Who'd be a claims leader in times like this! Your policyholders have relied on the world's best in online buying and servicing experiences. Order on Amazon today and they still deliver quick and keep you informed on delivery status. 

Why can't my insurer do the same? I mean Lemonade does for home contents so why not insurers X.Y and Z for escape of water, carpet damage or freezer contents?

Like it or not the C-Suite will be asking why you have not digitally accelerated the claims process after all the millions spent on this and that platform over the years. So you have improved CX for auto but what about our Home Book? Travel, Pet and Speciality?

What options have you got?

  1. Build your own on legacy or current core systems like Guidewire, Duck Creek, Pega etc
  2. Chose from credible 'Point Solutions' like Shift, Tractable, 
  3. Chose a No-Code platform like Unqork, Salesforce or  AGILEPOINT and build a brand new digital claims platform
  4. Chose a digital claims platform that combines best of all three with none of the weaknesses from 360Globalnet, Instanda, Snapsheet, Vlocity etc. 

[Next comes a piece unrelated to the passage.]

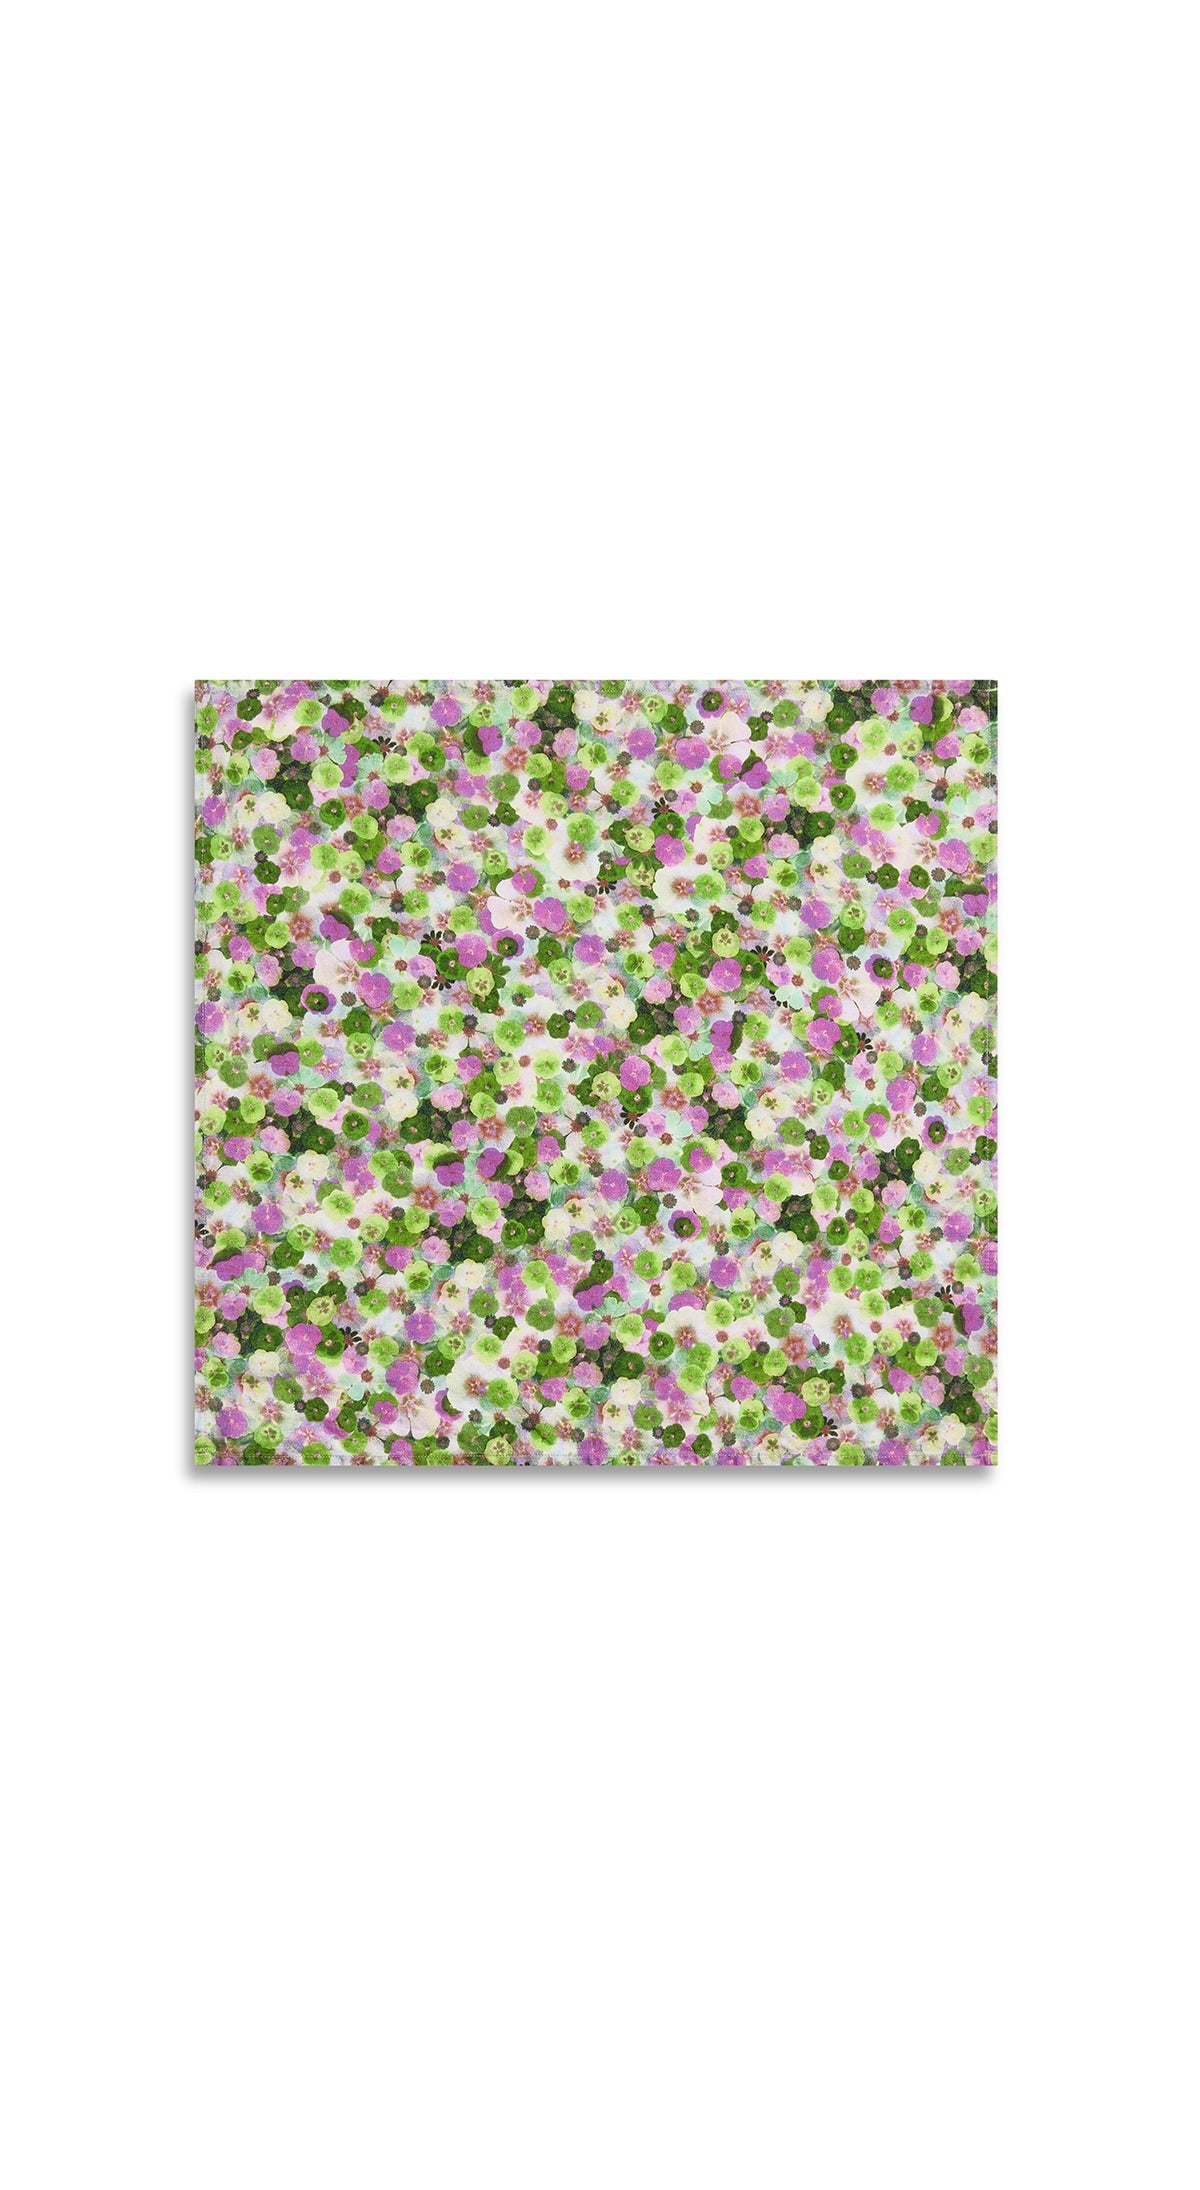 Le Marché aux Fleurs Linen Napkin in Purple, Pink and Green, 50x50cm

1) Build your own digital acceleration from current core

Trouble with this approach is that you hit the buffers of the new restraints like meeting low cash requirement and short-time to value. Have the 'On Prem' platform vendor's new digital offerings got all the functionality of the old products?

You are likely to hit the issue that whilst you can achieve the outcomes planned it will probably take too long, cost too much and be under-spec.

The acid test? 

  1. Can we go from standing start to a modern end-to-end digital claims platform for all claims types, all geographies and simple A&D to complex CAT claims in max of 12 weeks?
  2. Can we train claims adjusters to go live across all lines of business effectively in that 12 week period?

2) Modern Point Solutions

The issue here is in the description. They are very capable but only deliver on parts of the claims value chain. So you will need to integrate a number of them which means overlap and extra cost.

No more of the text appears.